:: The data ::
[Start of Attachment]

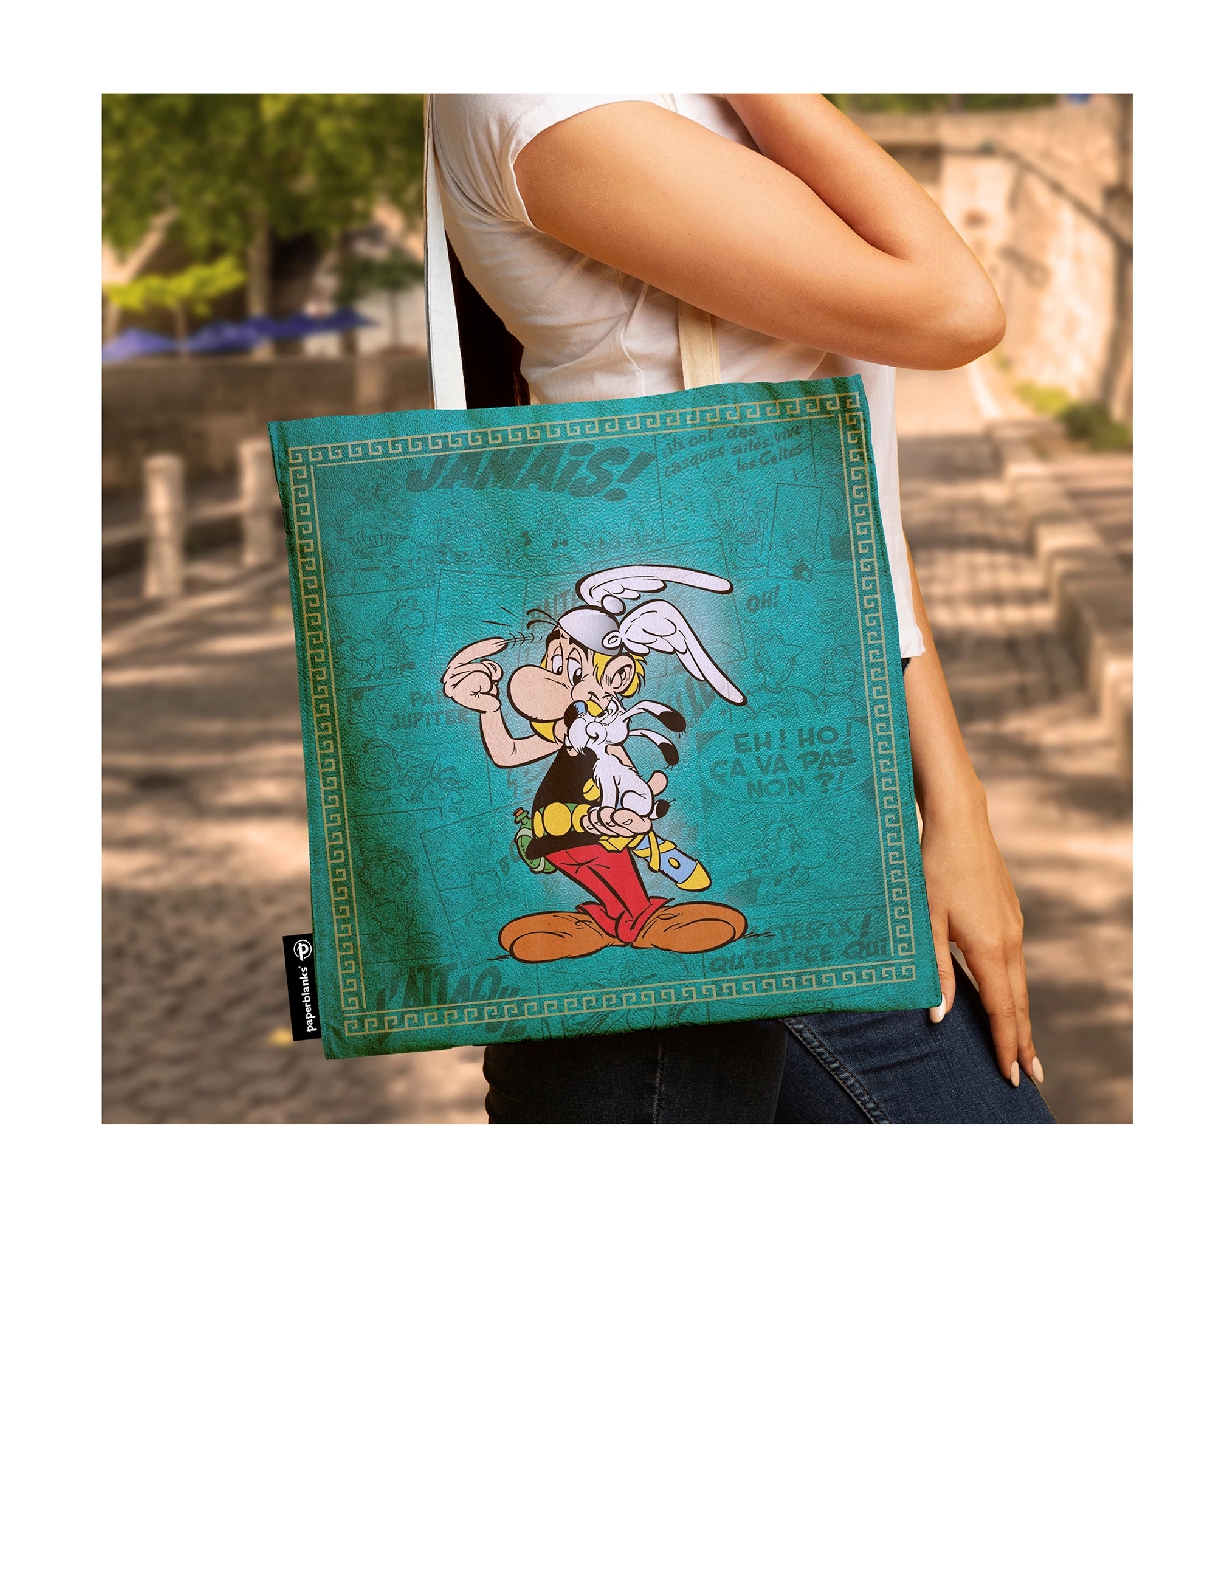 Asterix the Gaul, The Adventures of Asterix, Canvas Bags, Canvas Bag
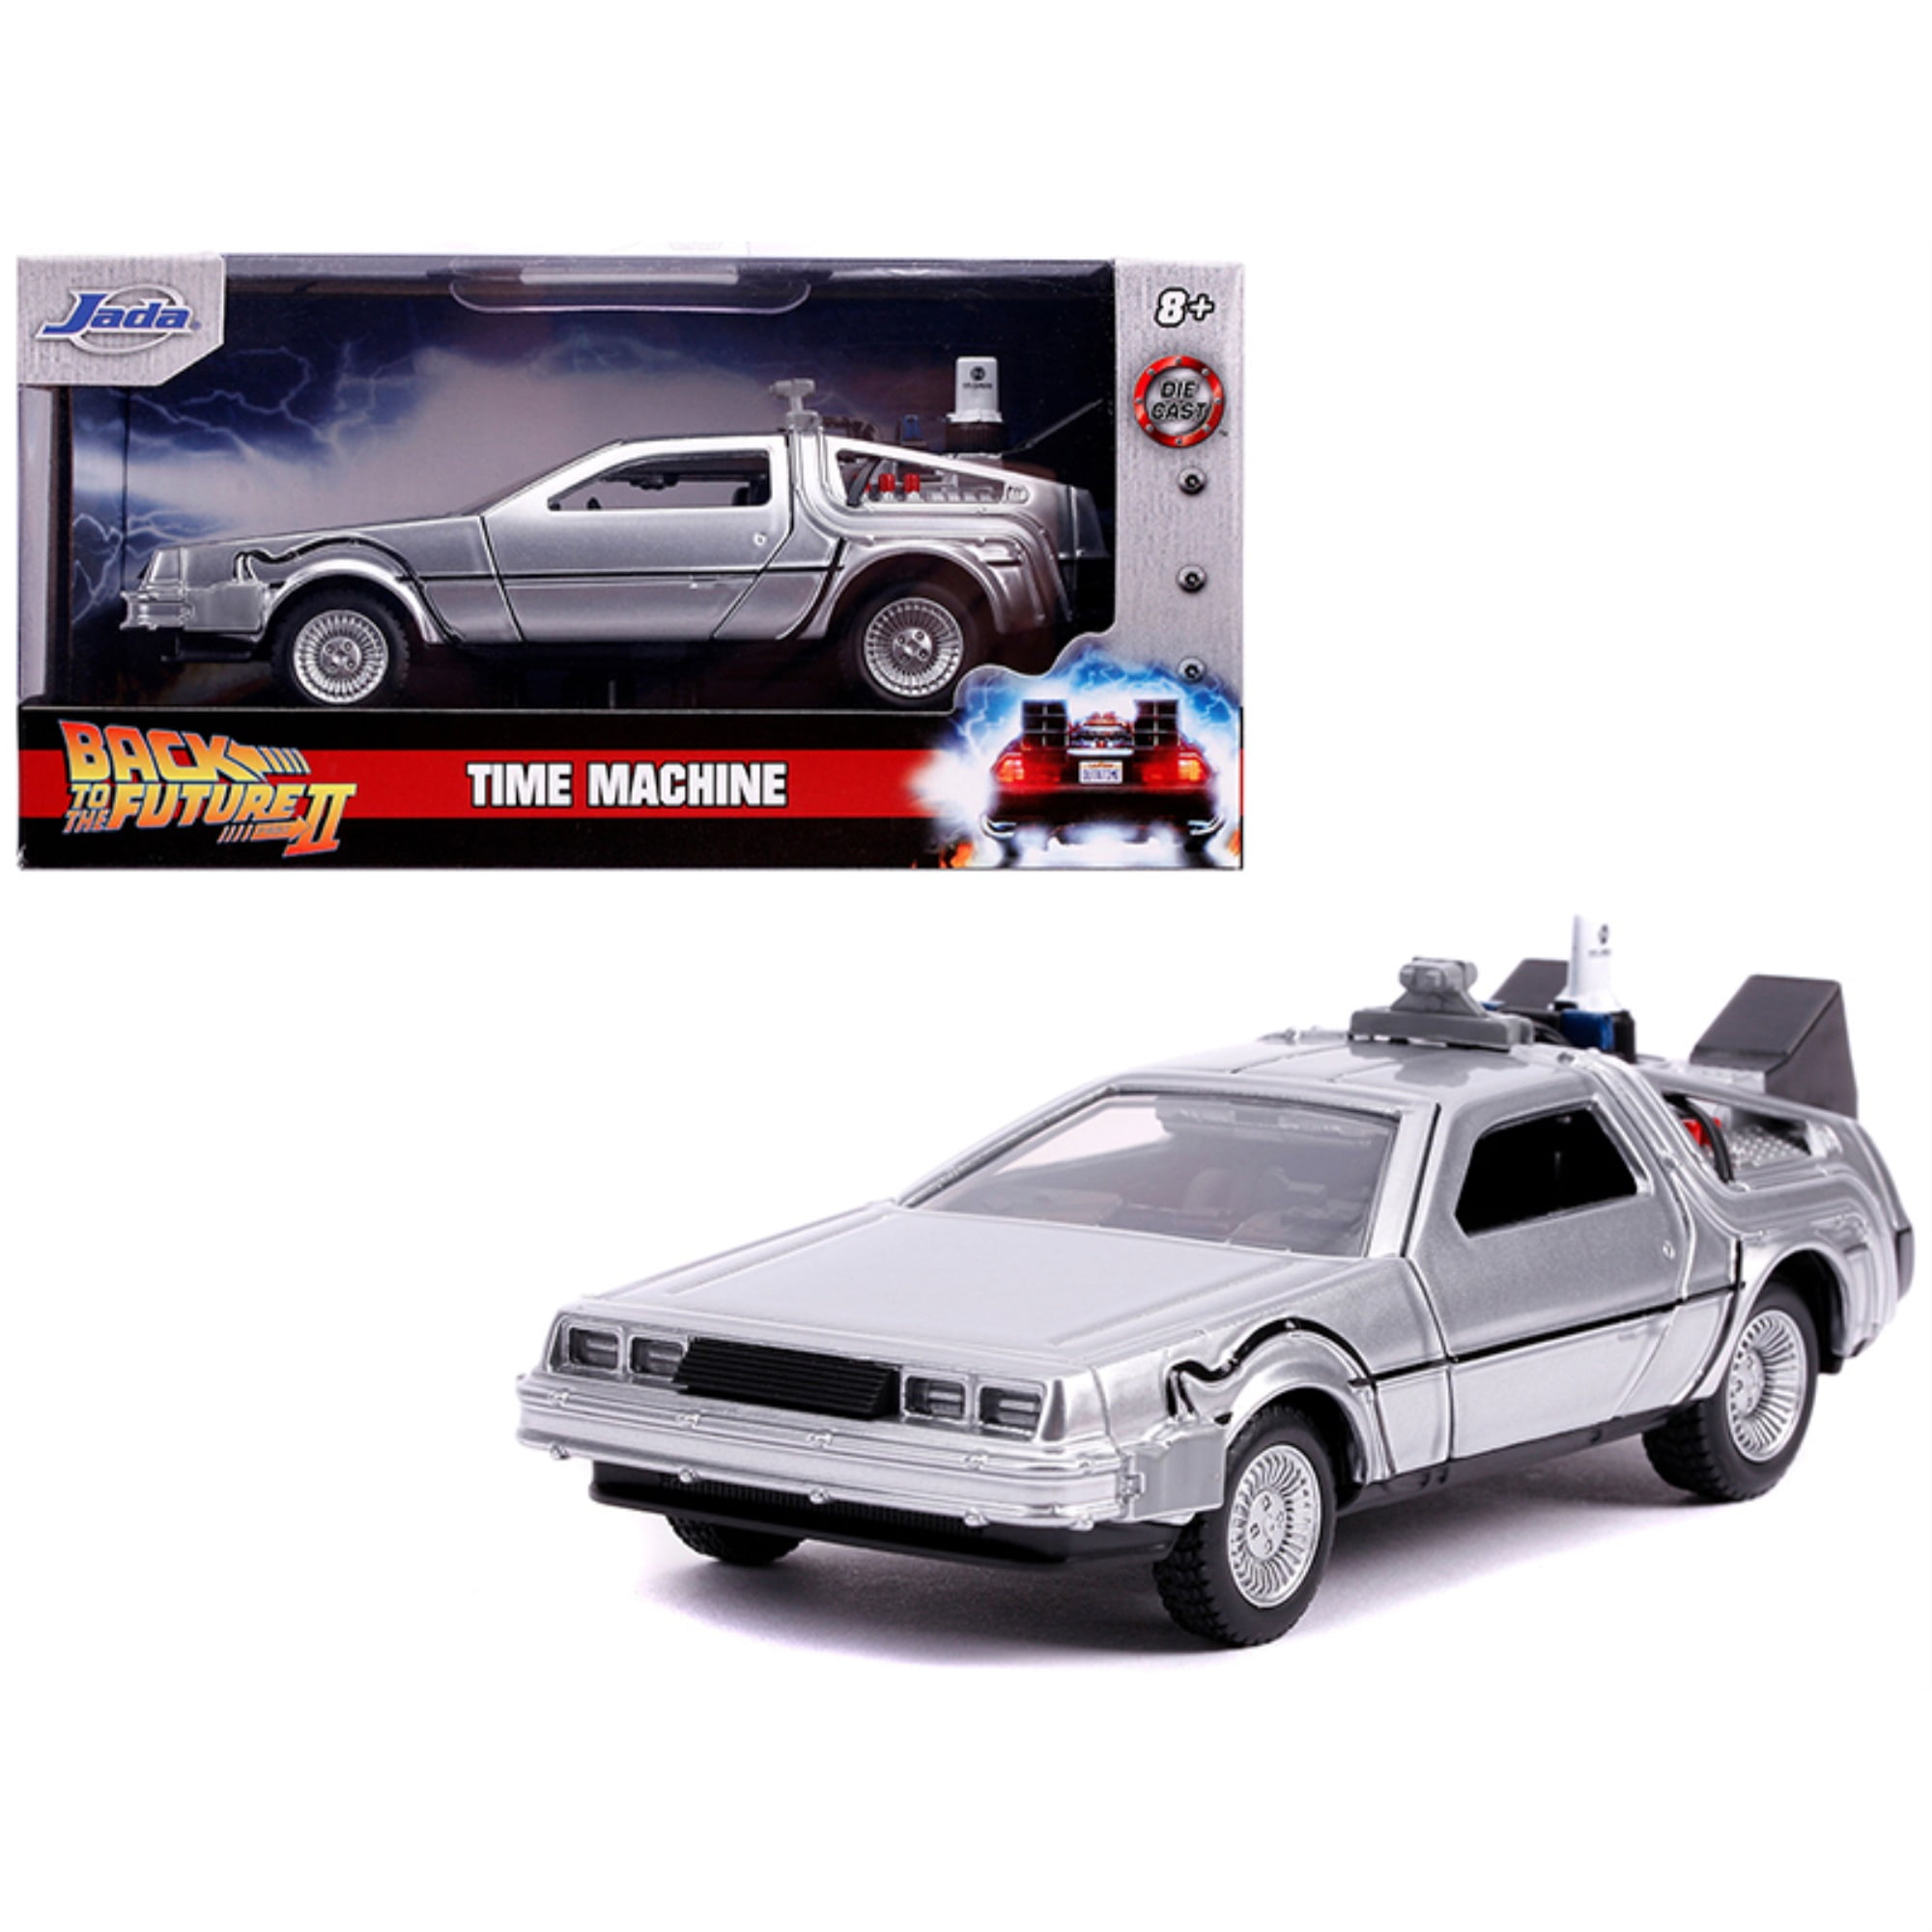 Back to The Future III DIECAST 1:24 W/B DMC Delorean TIME Machine 22444W by WELLY
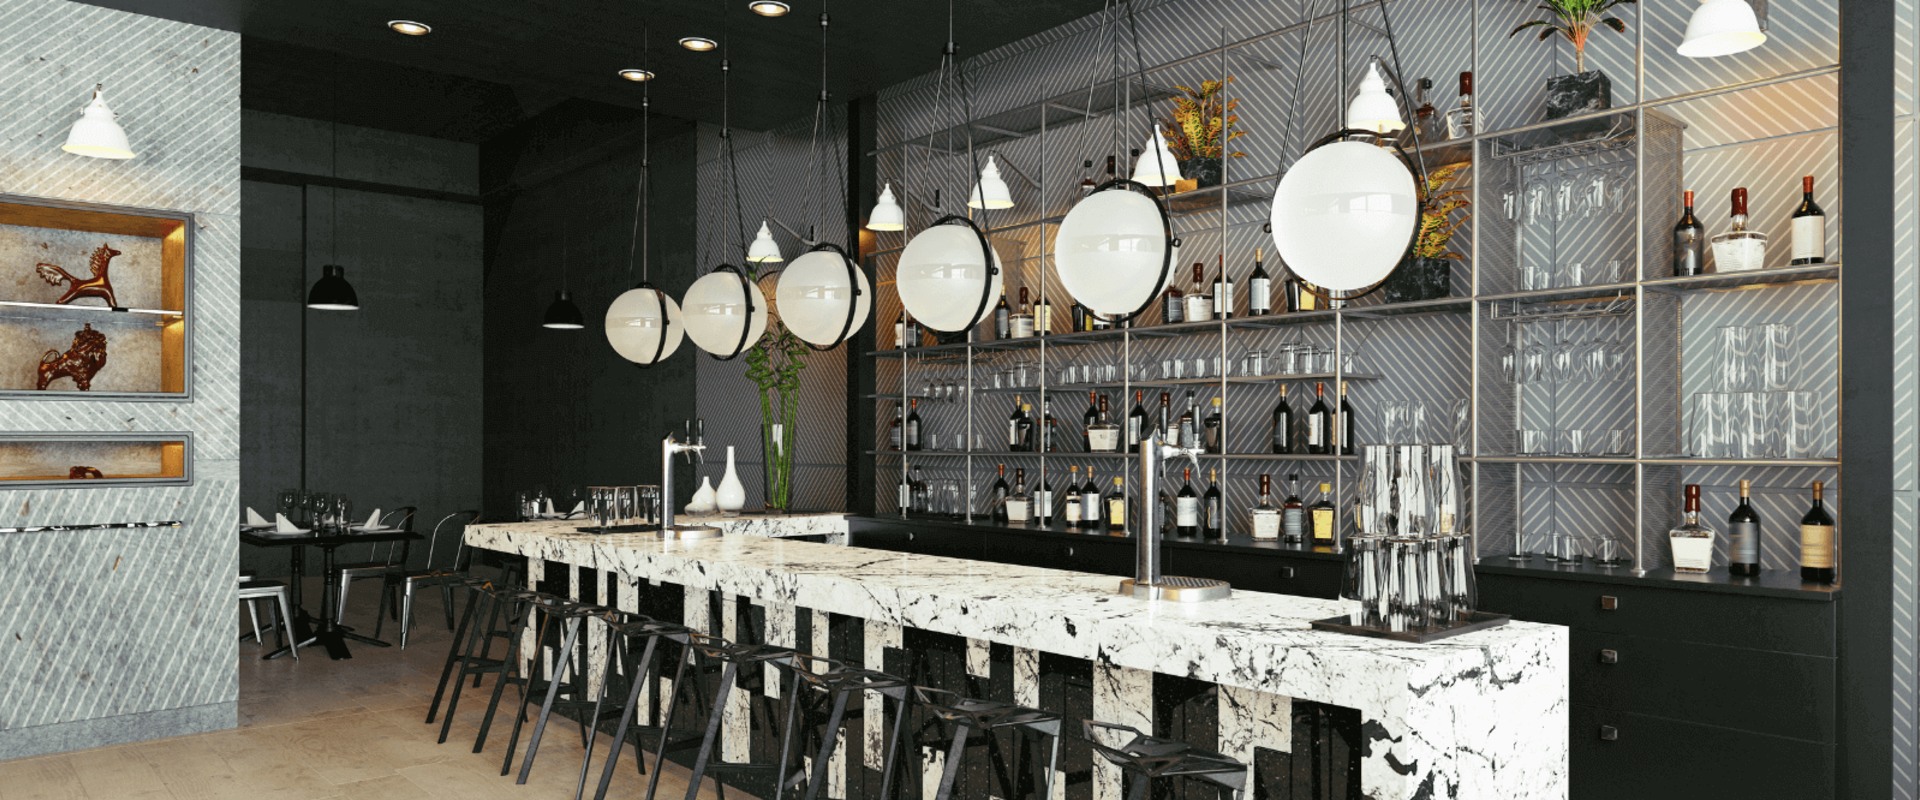 Stand Out with Unique Bar Decor and Accessories

[End of Attachment]

Output all the data, exactly, without images.

 Asterix the Gaul, The Adventures of Asterix, Canvas Bags, Canvas Bag
 Back to The Future III DIECAST 1:24 W/B DMC Delorean TIME Machine 22444W by WELLY
 Stand Out with Unique Bar Decor and Accessories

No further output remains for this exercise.